Getting back to the use of fascism in general, I guess it's only fair to point to the current President-elect of the United States—Donald Trump—and ask the question: is Trump a fascist? Because there are a lot of people—many of them very well educated—proclaiming that this is the case. After all, Trump is pushing an uber-nationalism, he is promoting the idea of "returning" America to greatness (an unspecified, unreal moment), his spiel is clearly a populist one, he's doing a lot of "othering," his election was clearly a reactionary event, and he's hardly consistent or always truthful in what he says.

One can—based on the guidelines I have provided—make a very convincing case that "Trumpism" is equal to fascism. But one could also make a very convincing case that Trumpism is simply about trying to tap into populist and nationalistic sentiment (along with some xenophobia) as a means to win an election.  The key is in the radical ideology for which Trumpism represents a counter-radicalism. Or rather, it's in the lack of one, unless one wants to disingenuously suppose that somehow Obamacare is a radical ideology. But I think that's so much of a stretch as to be quite silly.

No, Trump is not a fascist, anymore than Andy Jackson was a fascist, or anymore than FDR was a fascist. Or a host of other successful populist leaders.

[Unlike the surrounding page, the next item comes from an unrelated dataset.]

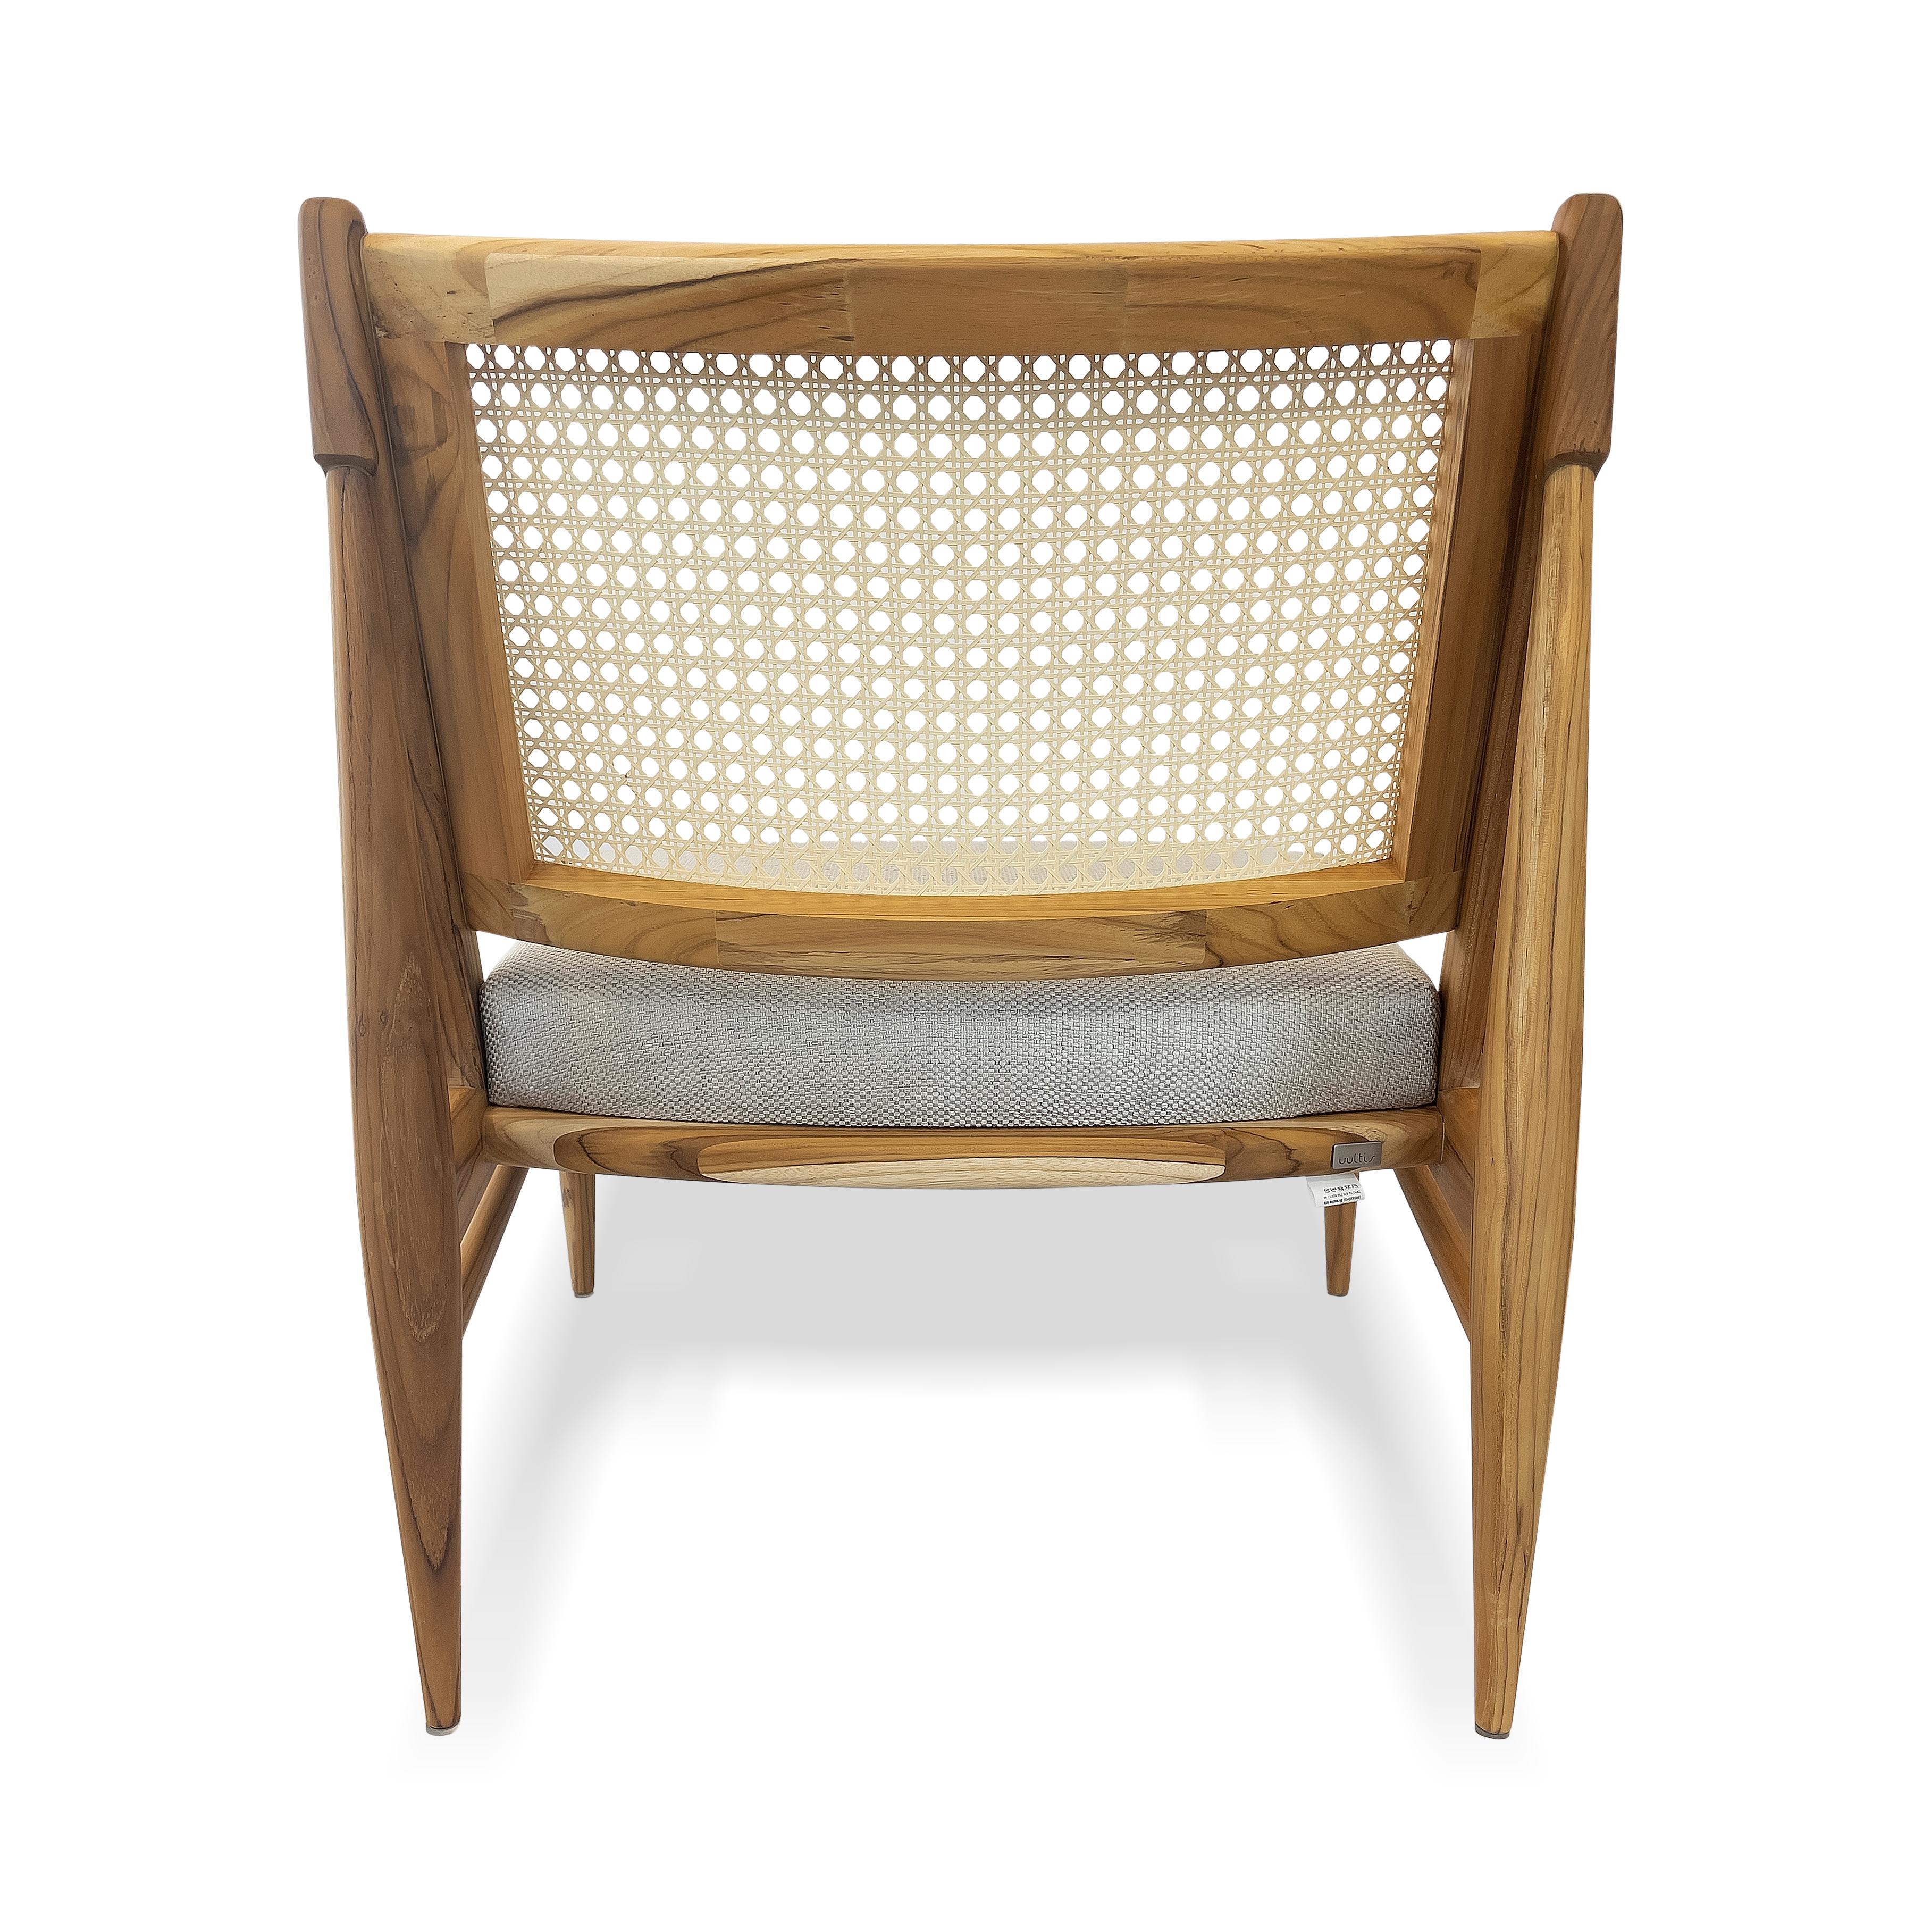 Donna Cane-Back Chair in Teak Wood Finish with Light Beige Fabric Seat In New Condition For Sale In Miami, FL
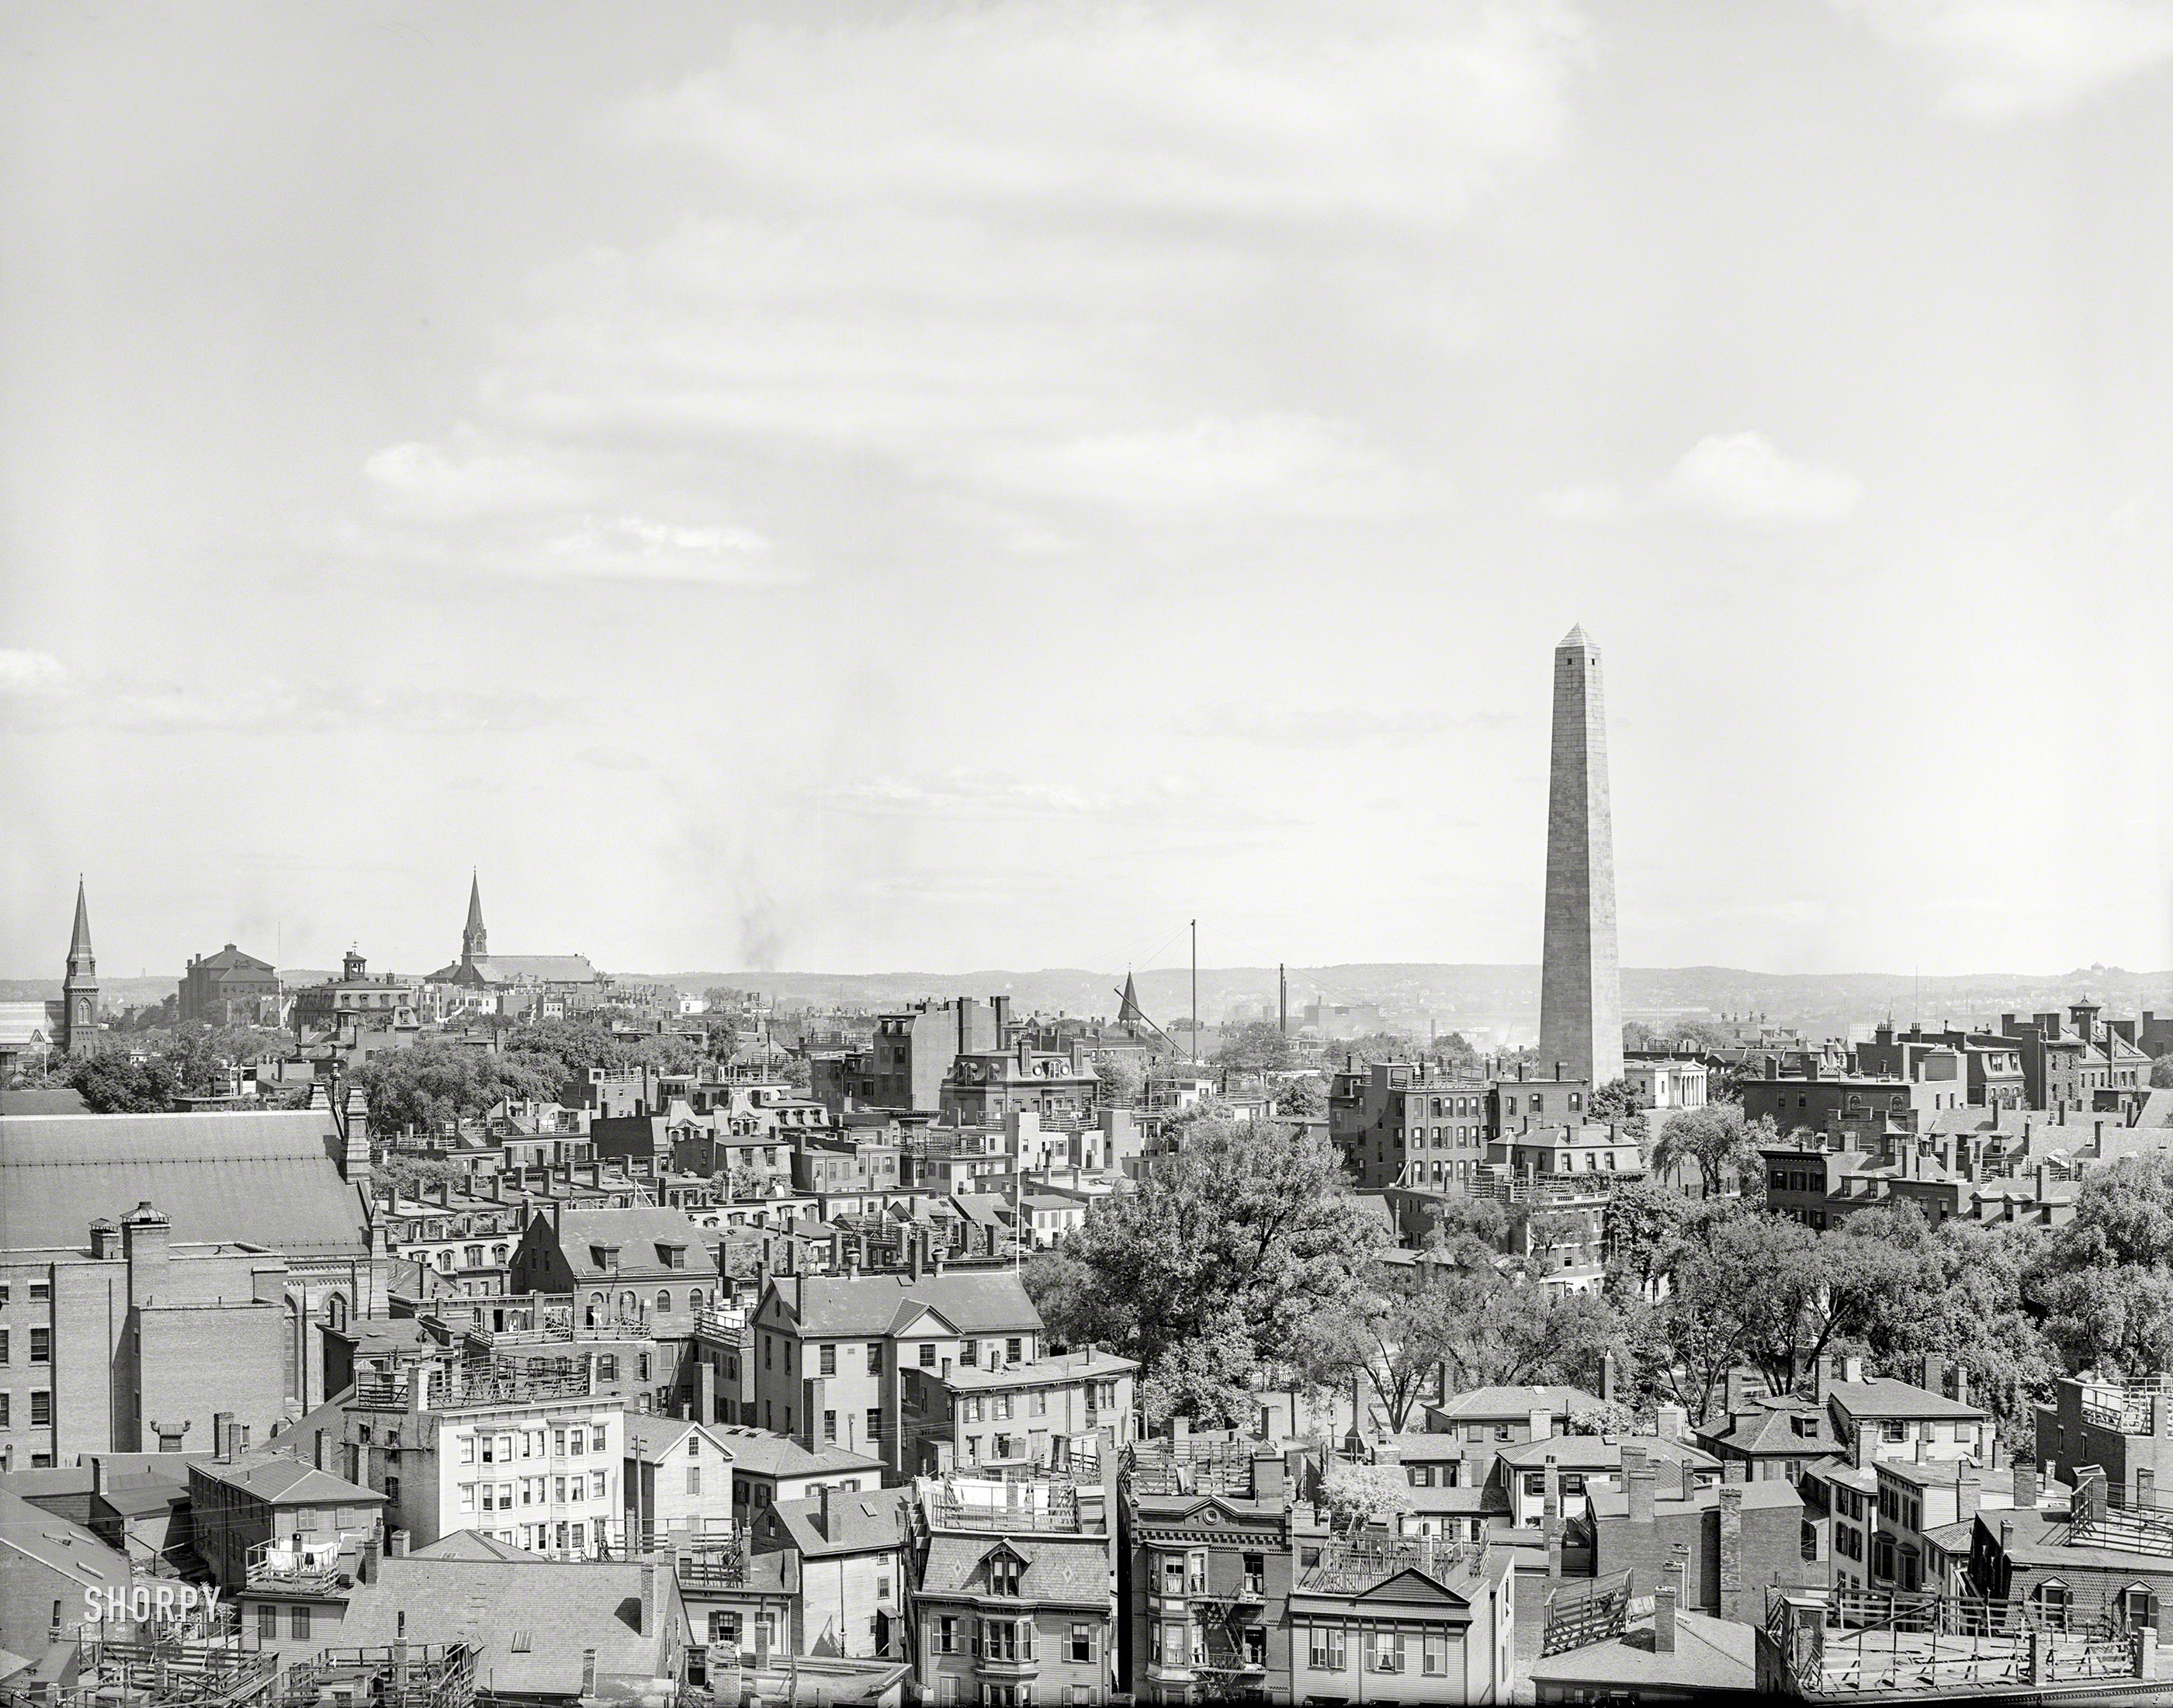 Circa 1890s Boston, Massachusetts. "Birdseye view of Charlestown & Bunker Hill Monument." Note the number and variety of fenced "roof yards." 8x10 inch glass negative, Detroit Photographic Company. View full size.

Want to know what a fascist sounds like? Read this piece by Benito Mussolini. That's what a fascist sounds like, a lot of pseudo-intellectual bullshit designed to counteract the pseudo-intellectual bullshit that was being propagated by Marxists. For instance:
Anti-individualistic, the Fascist conception of life stresses the importance of the State and accepts the individual only in so far as his interests coincide with those of the State, which stands for the conscience and the universal, will of man as a historic entity. It is opposed to classical liberalism which arose as a reaction to absolutism and exhausted its historical function when the State became the expression of the conscience and will of the people. Liberalism denied the State in the name of the individual; Fascism reasserts the rights of the State as expressing the real essence of the individual.
Sorry, but this is not Donald Trump. This is not any current political leader of any significance. And that's because there is no one successfully pushing a different but equally radical totalitarian angle, albeit one that dismisses the State as a critical entity.